Consultant Standard & Poor’s Ratings Services revealed yesterday its economic growth expectations for this year in asia Pacific, predicting now a deterioration of GDP growth compared to earlier forecasts. In a report titled “Asia-Pacific Could Be Entering A Steady State Of Slower Growth,” S&P said weaker global trade and the burst of a speculative real estate bubble in China would weight down on growth perspectives. This week, stock exchanges and currencies across Asia stumbled due to growing concerns about China’s economic slowdown.
According to S&P, overall GDP in Asia Pacific may expand by only 5.5 percent in 2015, instead of earlier forecasts of 5.6 percent. “While Asia Pacific remains the highest growth region globally, the outlook continues to be subdued. The effects of the two largest economies- USA and China- in the world are, each in their own way, weighing down activity,” highlights the report.

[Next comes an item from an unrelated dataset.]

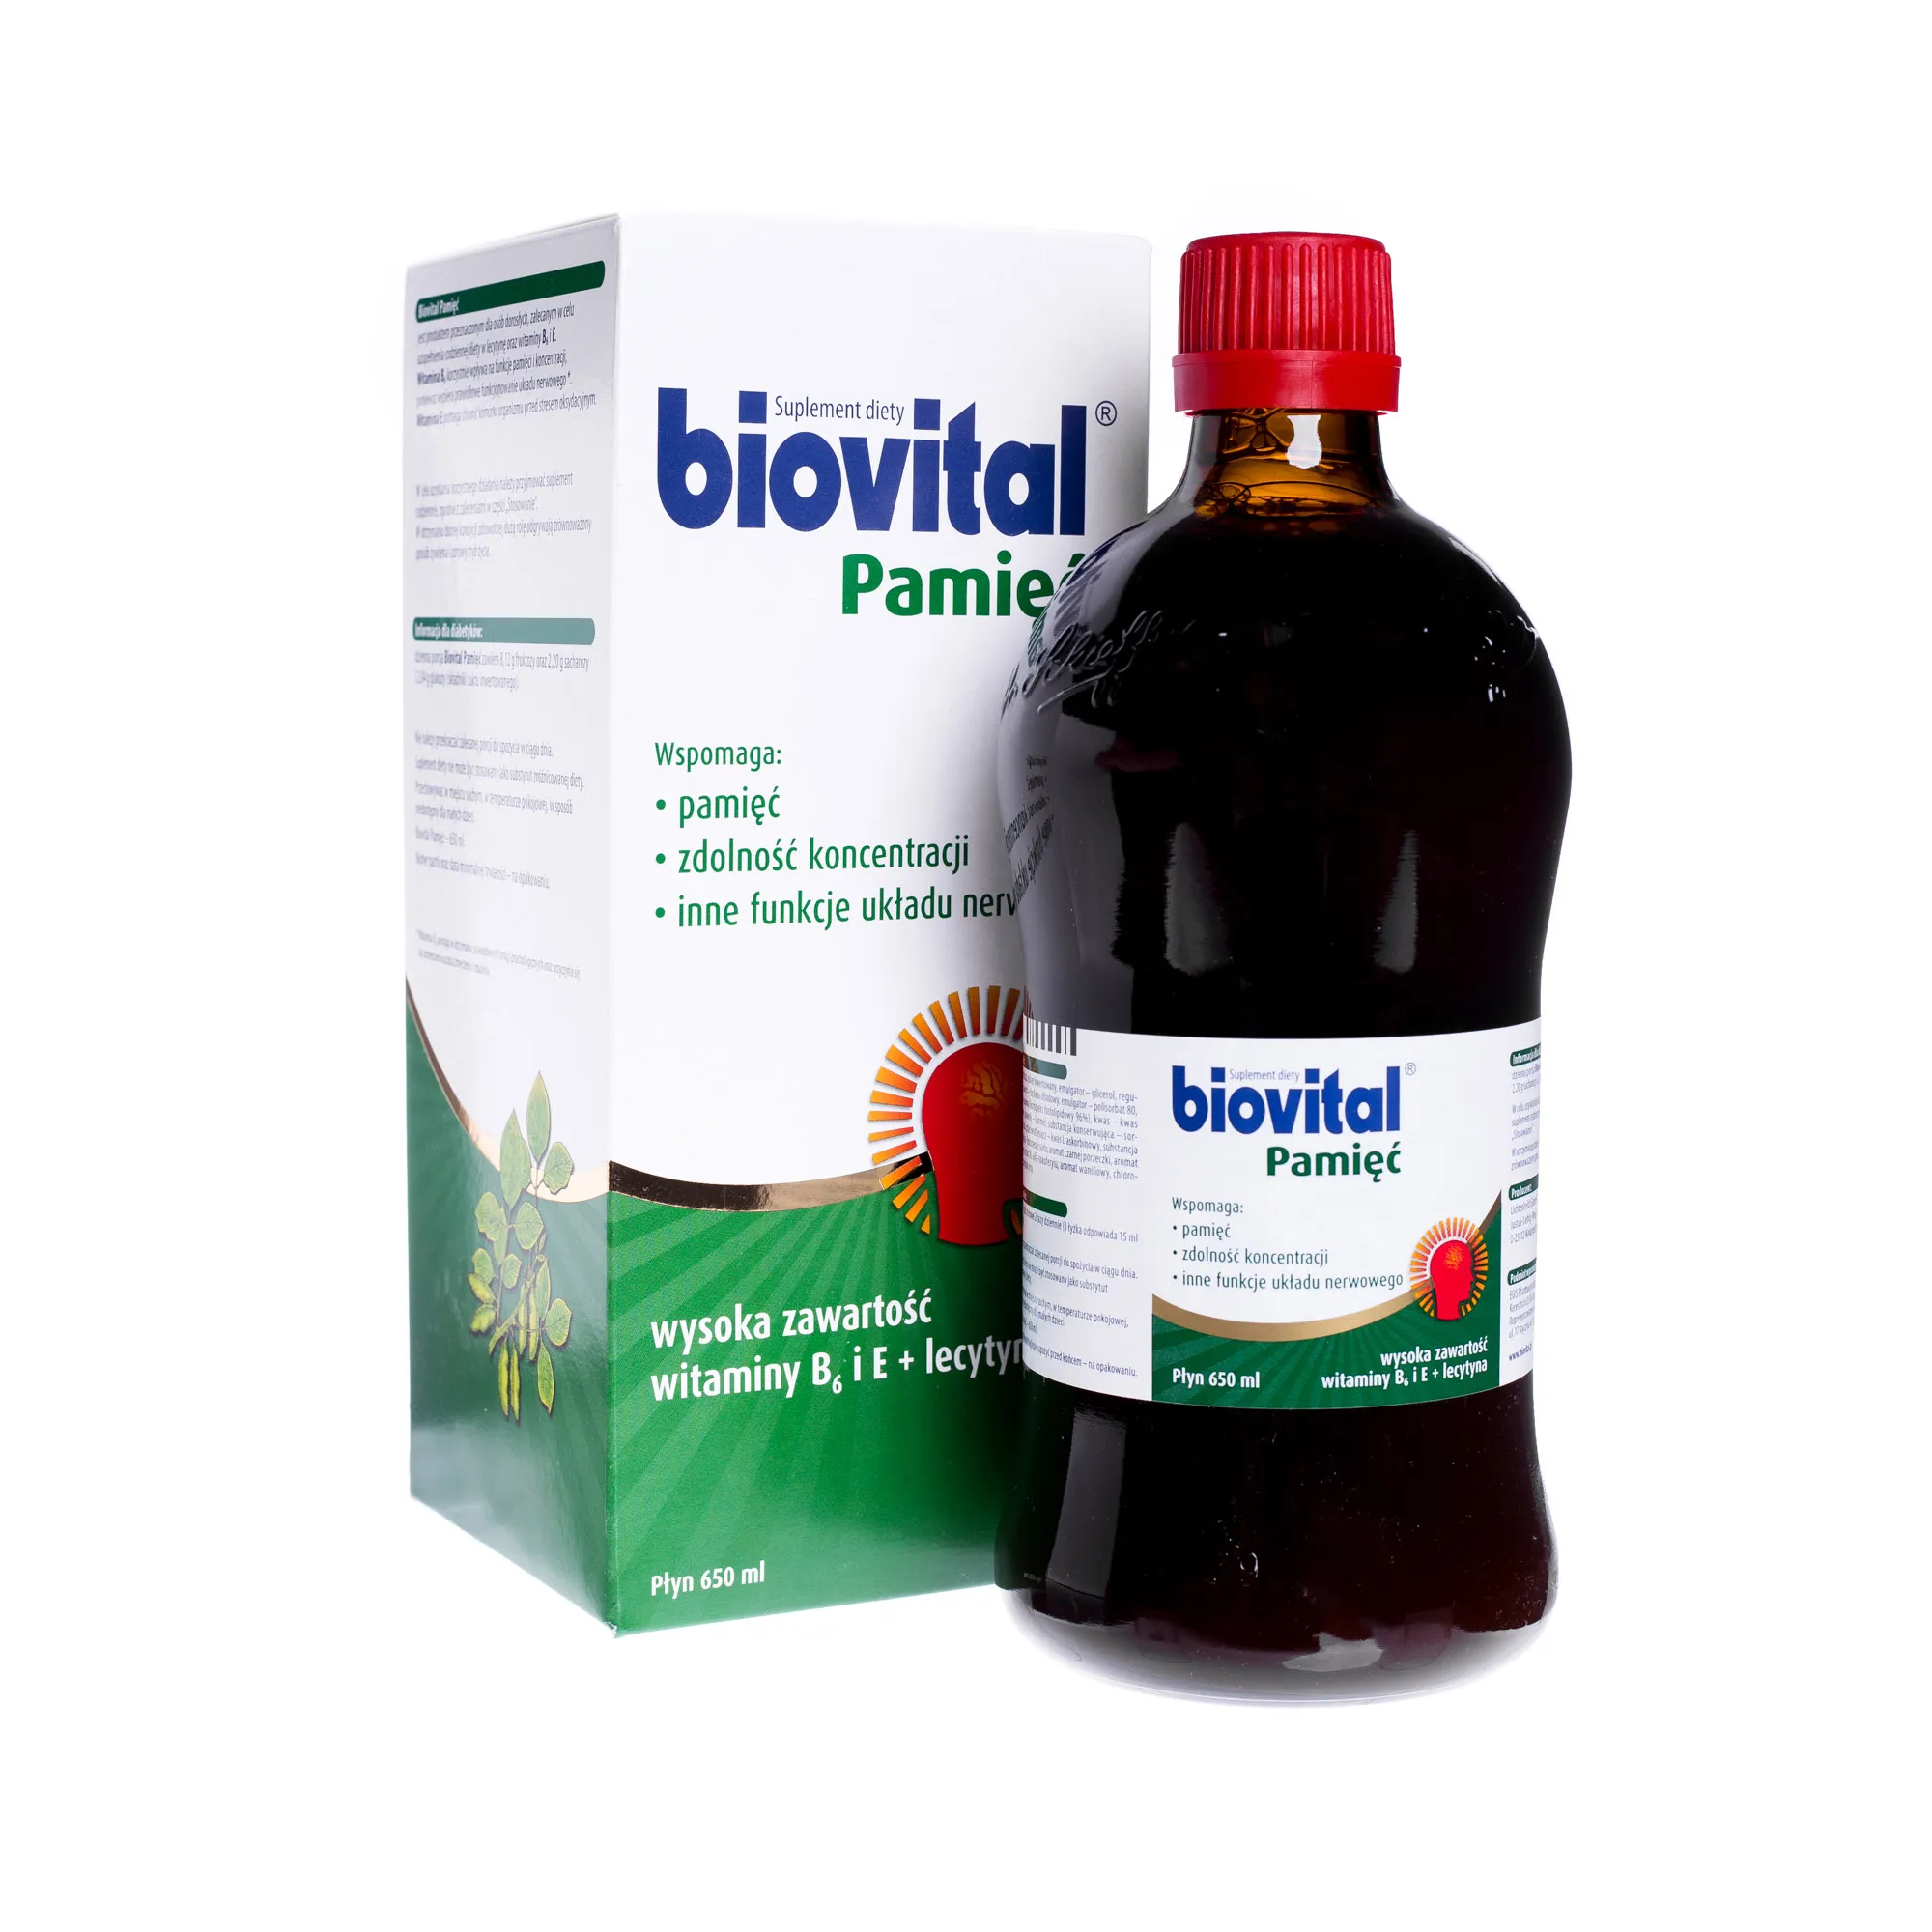 Biovital Pamięć, suplement diety, płyn, 650 ml

USA subdued growth in imports affect particularly South Korea and Taiwan. China property market’s burst is hitting also GDP growth in Hong Kong, Australia, Taiwan, South Korea, Singapore and Malaysia.
Growth is still forecast for the four largest economies of ASEAN according to S&P- Indonesia, Malaysia, the Philippines and Thailand. The four large economies are now due to grow by 5% on average this year. Slow growth is expected for Thailand (3.4%) and Malaysia (4.6%) while Indonesia and the Philippines are projected to grow respectively by 5.4% and 6%. Singapore’s economy would grow around 2.5% this year.
The slowdown could then affect travel patterns within Asia with more people taking a more careful approach to travel abroad. Already travels out of Indonesia is down since the beginning of the year while it remains stagnant in Malaysia. Earlier this year WTTC predicted a growth of spending for Malaysian travellers by only 1%.